* **Information provided**
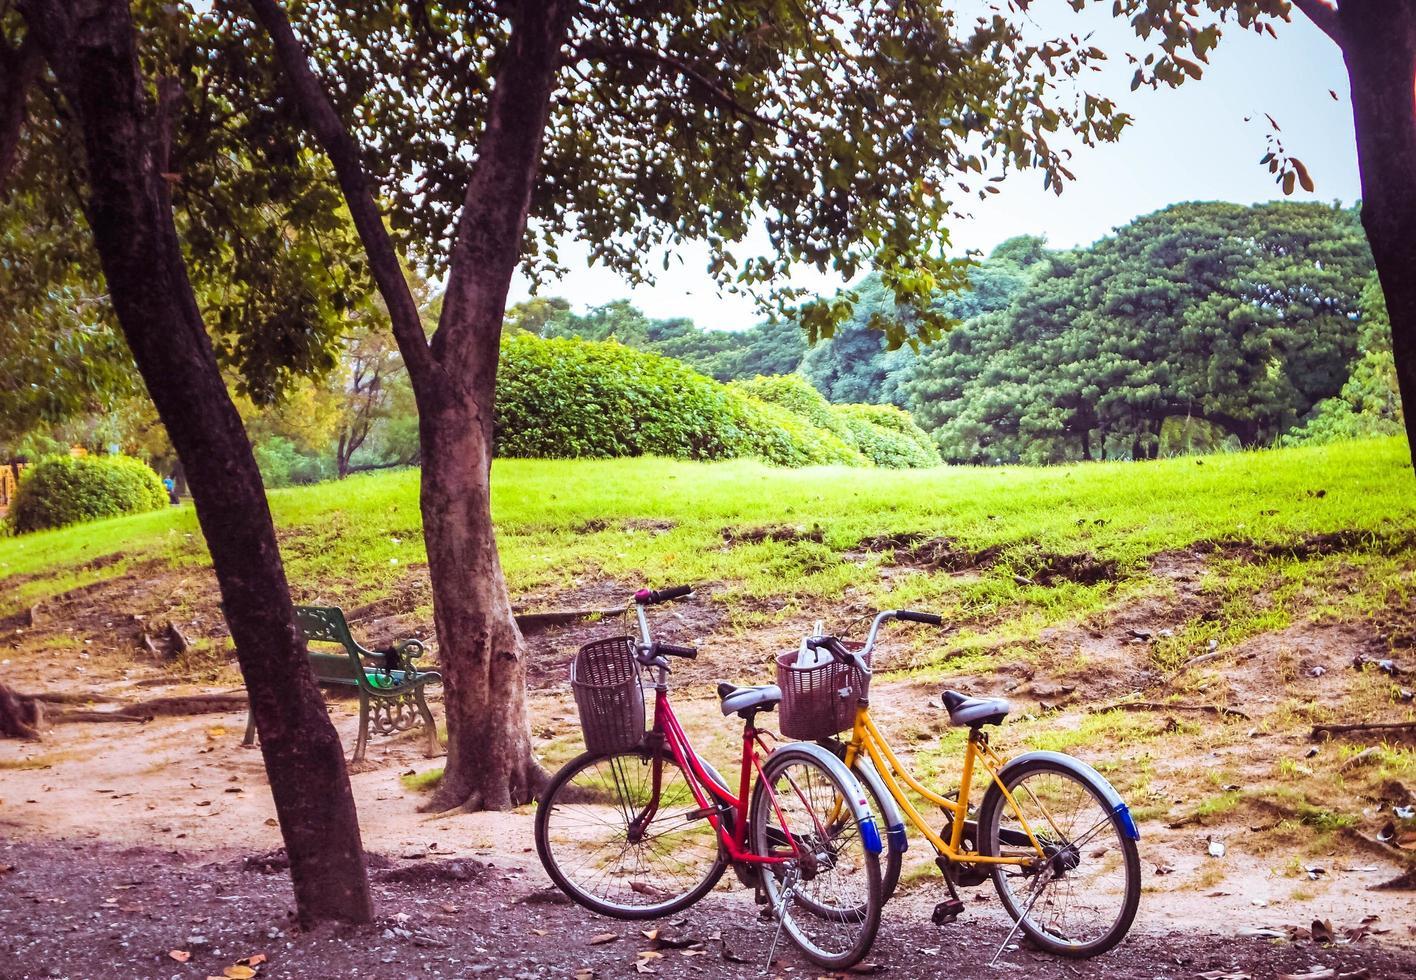 klassisk vintage retro cykelstopp i park foto
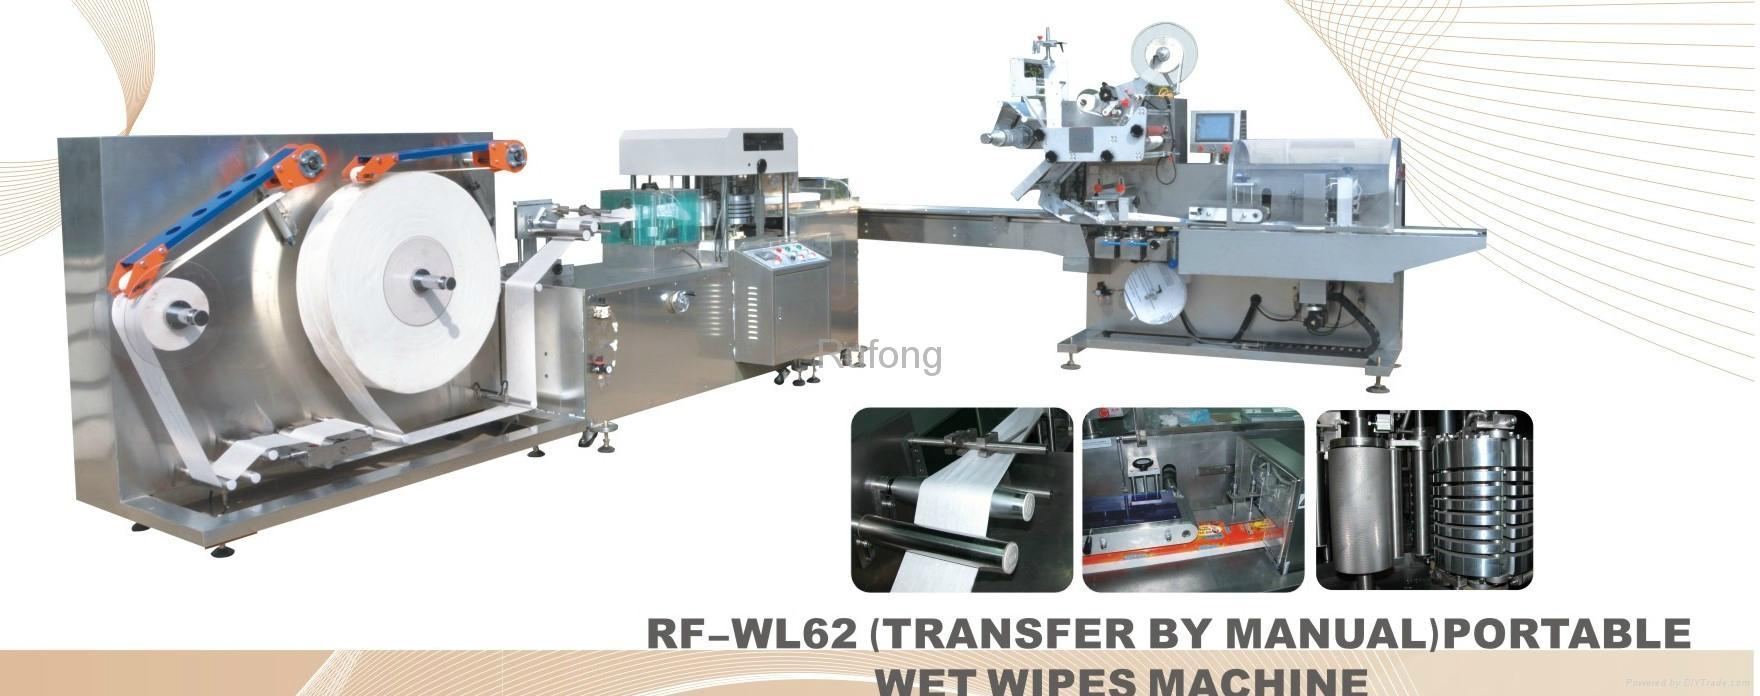 RF-WL62 (Transfer by Manual) Portable Wet Wipes Machine 3
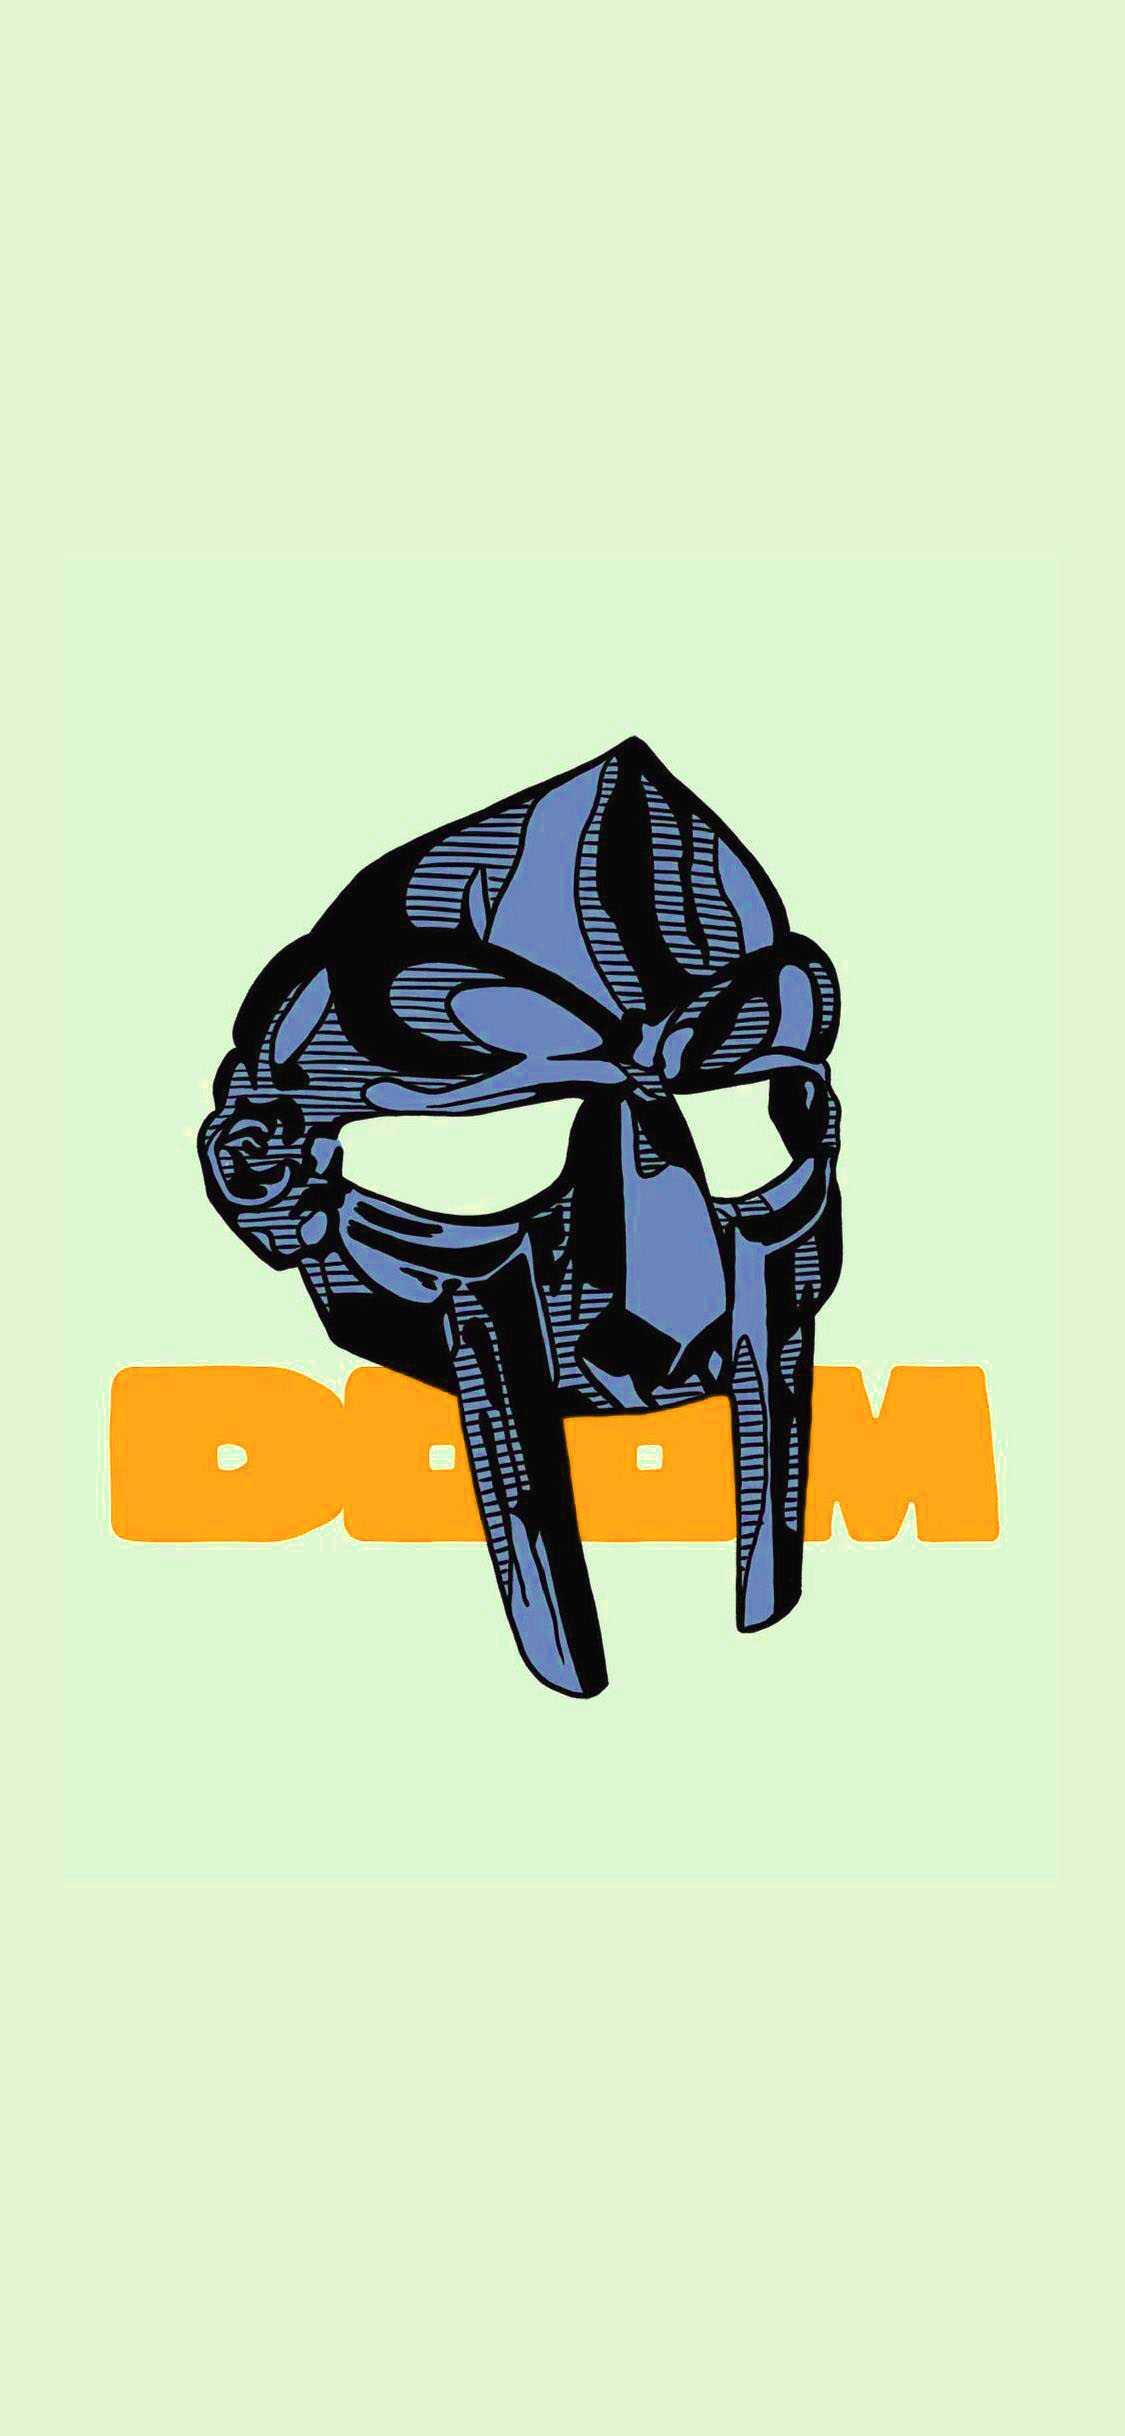 MF Doom Wallpaper iPhone - KoLPaPer - Awesome Free HD ...
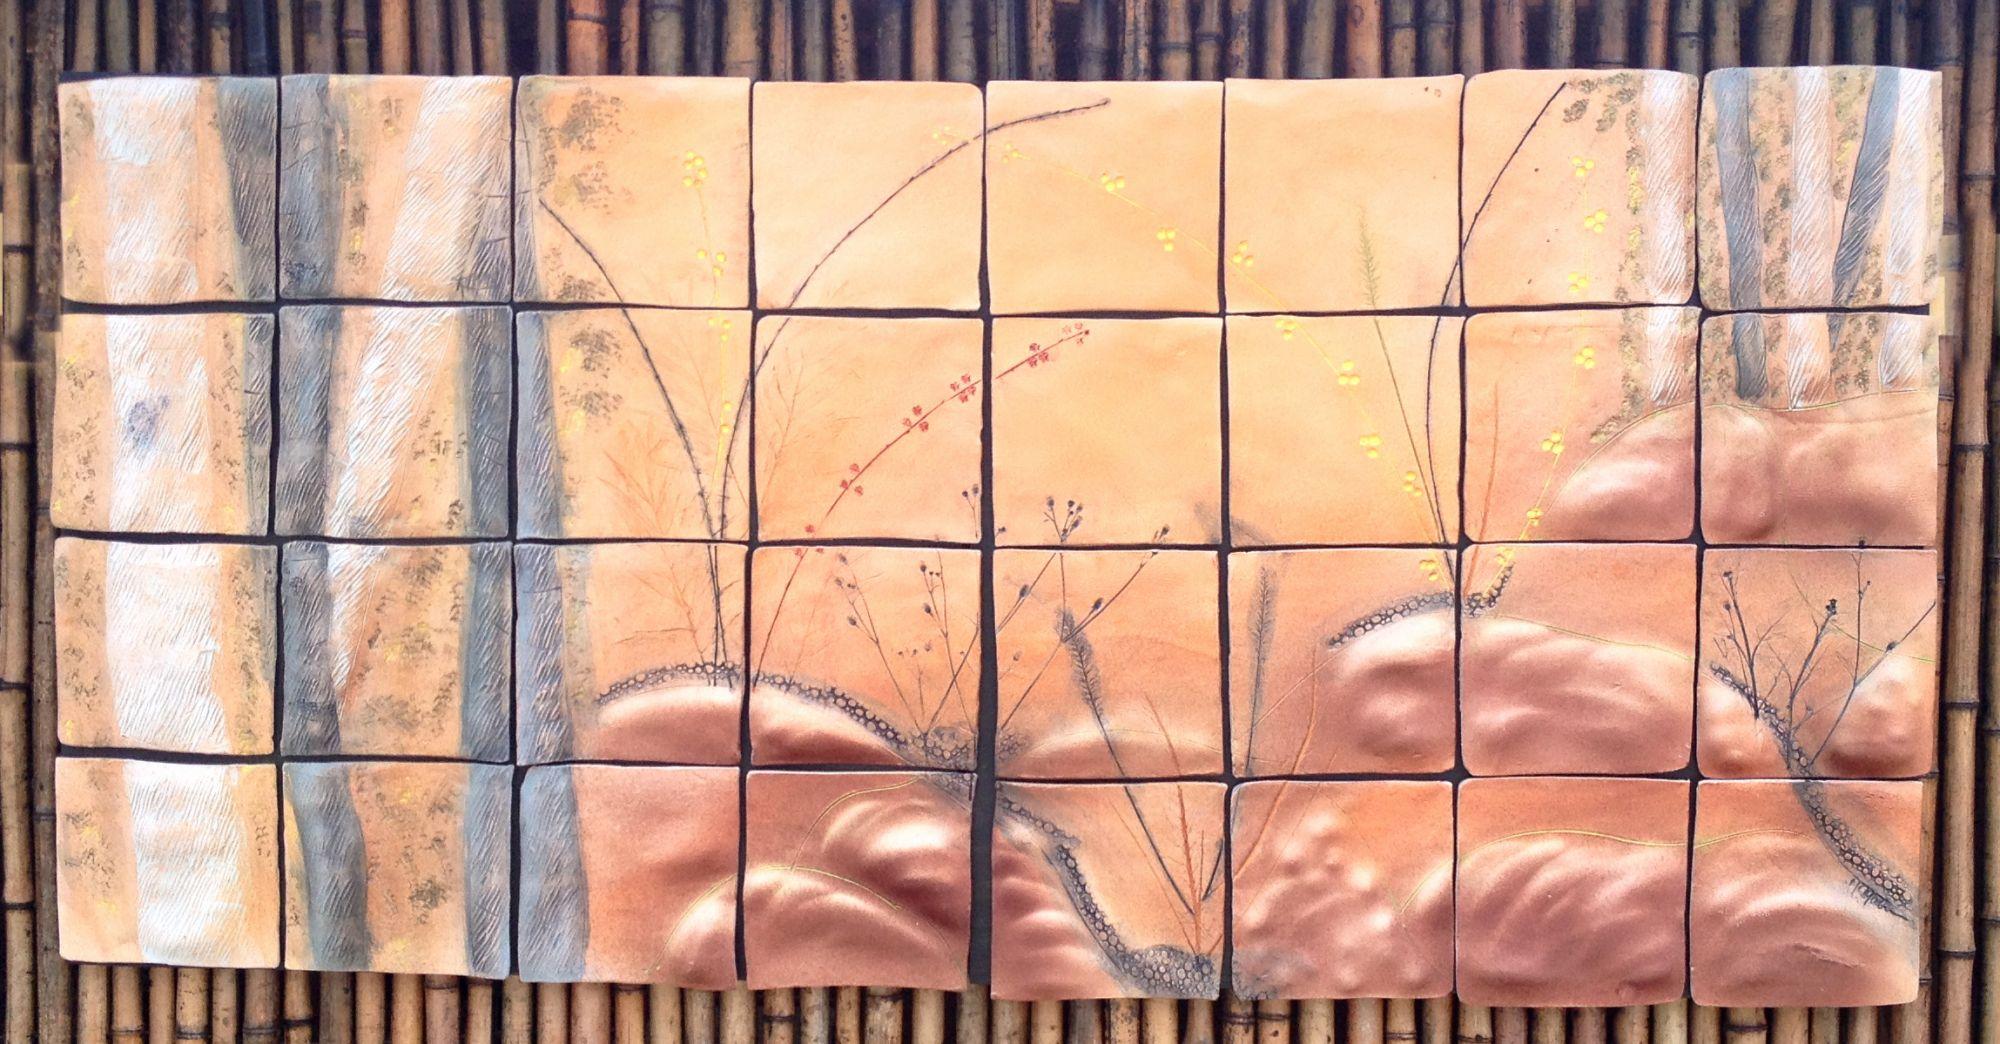 Quaking Aspen Ceramic Tile Wall Art Original Ceramic Art Piece By

* **Exercise objective**
Output every line above exactly as it stands, and drop any picture.

* **Reply**
 klassisk vintage retro cykelstopp i park foto
 RF-WL62 (Transfer by Manual) Portable Wet Wipes Machine 3
 MF Doom Wallpaper iPhone - KoLPaPer - Awesome Free HD ...
 Quaking Aspen Ceramic Tile Wall Art Original Ceramic Art Piece By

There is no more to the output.